O venerando velho que representa a sabedoria popular não só amaldiçoa a aventura imperial que está sendo iniciada, mas também roga que “nem cítara sonora ou vivo engenho” dê a tais actos “nem fama nem glória”. Ou seja, a sua condenação abrange o próprio poema que Camões está a escrever. Mas o Velho do Restelo é, afinal, uma personagem desse mesmo poema e, através dela, é o seu autor quem está a contrapor aos reprováveis actos da ganância imperial – a “glória de mandar”, a “vã cobiça”, a “vaidade a quem chamamos fama” – o que seria uma guerra justa contra os inimigos à porta do reino que, como acentua, propiciaria mais seguros ganhos em “terras e riquezas” sem que para esse propósito “o reino antigo” se “despovoe” e se “enfraqueça”.  

A retórica da “guerra justa” integrada na fala do Velho do Restelo seria uma mais-valia ideológica reciclada do espírito da Reconquista Cristã, mas não necessariamente um propósito determinante.
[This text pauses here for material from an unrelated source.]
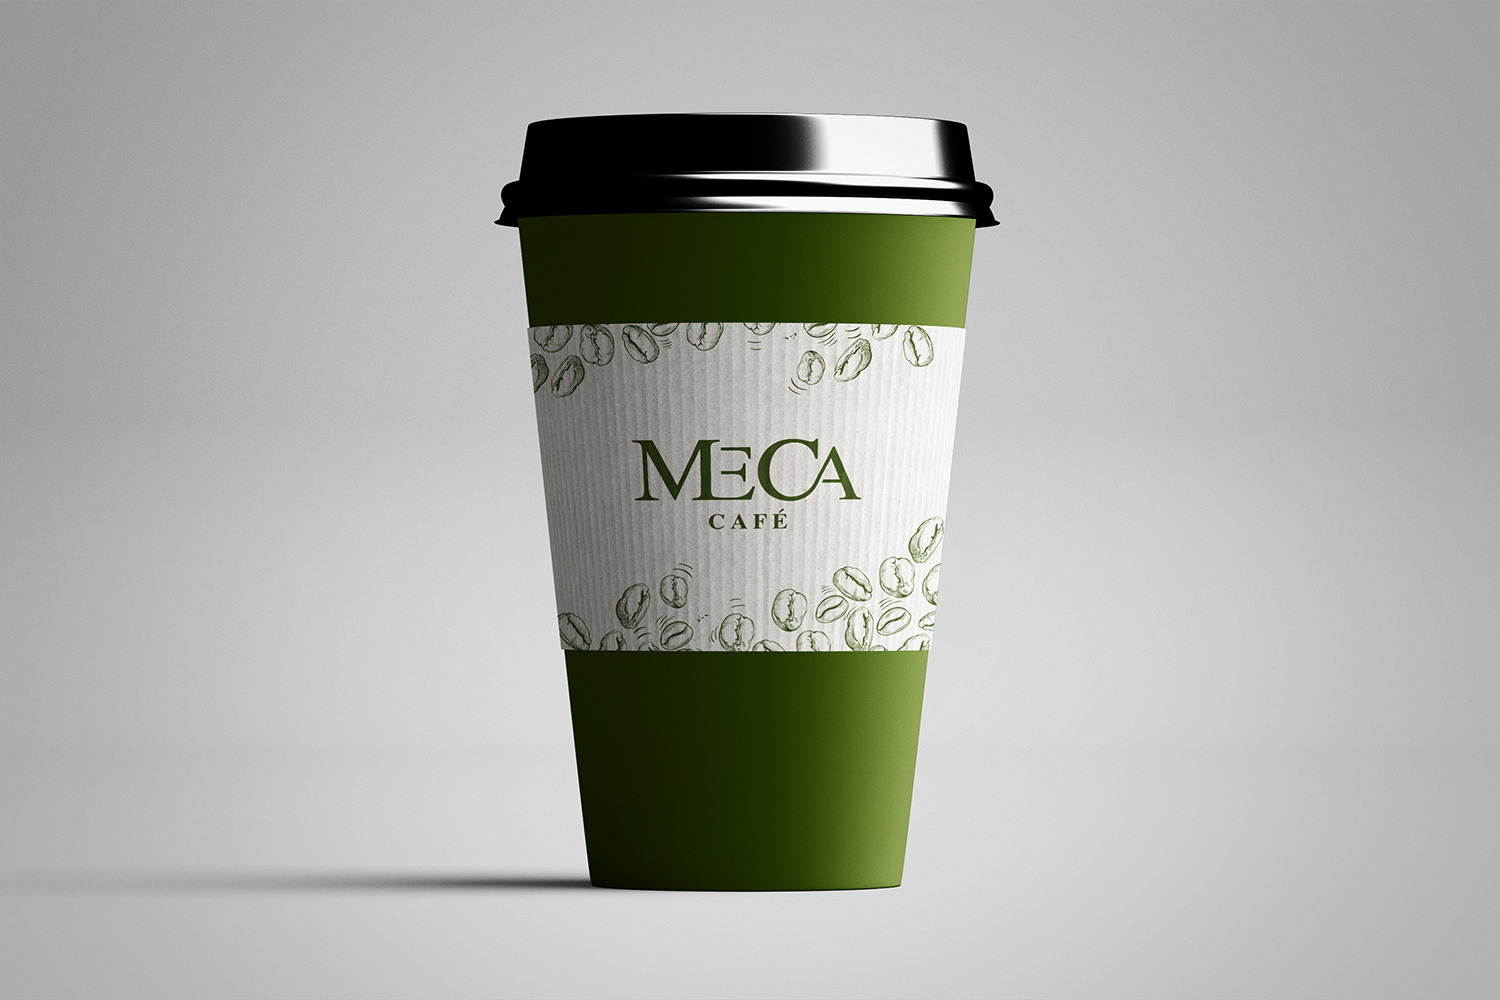 Thiết kế bao bì Meca Café
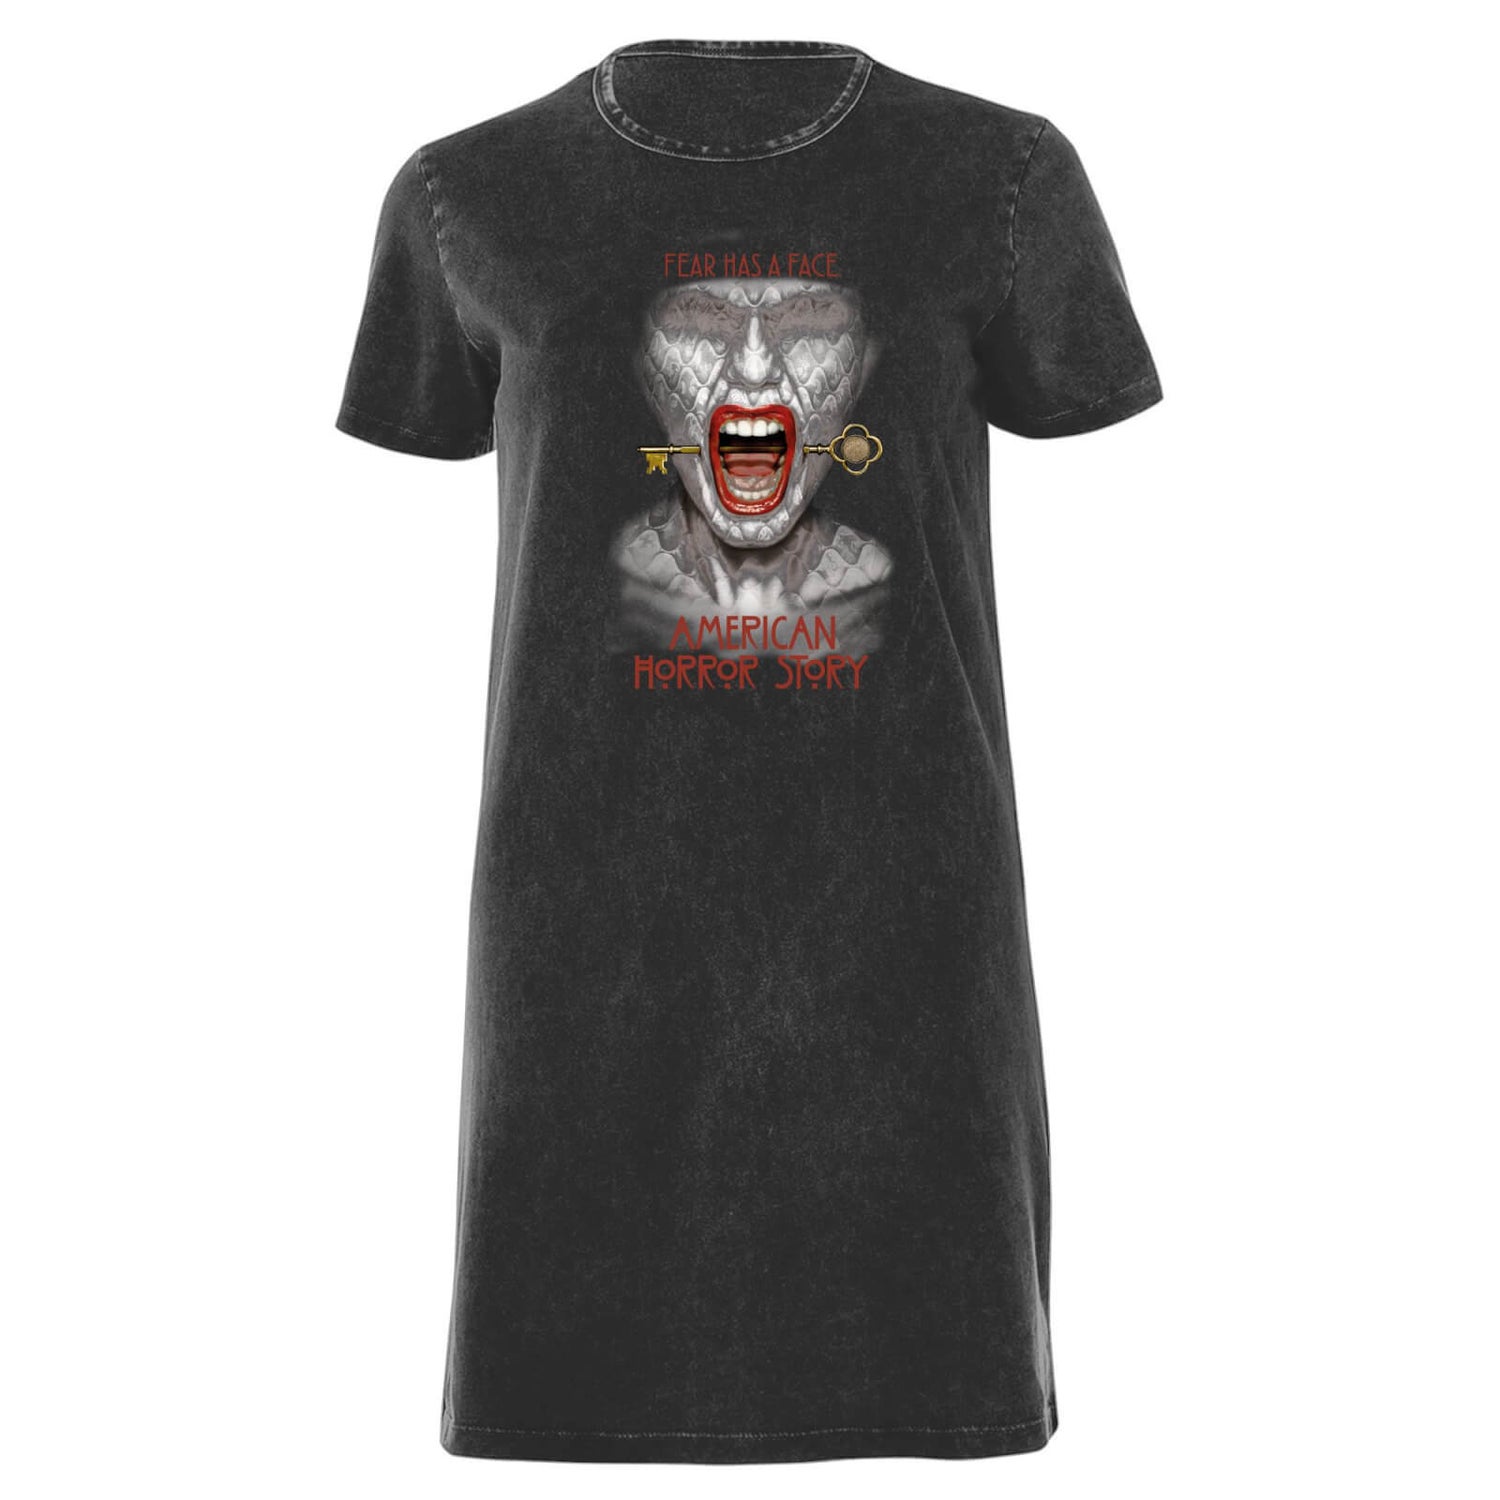 American Horror Story Fear Has A Face Women's T-Shirt Dress - Black Acid Wash

Mas era uma retórica útil, considerando que, no tempo em que Camões escreveu Os Lusíadas, os inimigos à porta do reino referidos pelo Velho do Restelo eram uma realidade concreta, ameaçadora e não menos militante em opostas “guerras justas”. O Islão não era só o poder imperial rival dos portugueses no distante Oriente, era também um inimigo próximo que factualmente ameaçava a sobrevivência da Europa cristã e que continuou a ameaçá-la até à victória naval espanhola de Lepanto, em 1571, quando o poema já estava escrito e em vias de ser publicado. A luta contra o Islão “às portas do reino” seria, portanto, uma causa nacional partilhada pelos dois reinos ibéricos em defesa da Europa.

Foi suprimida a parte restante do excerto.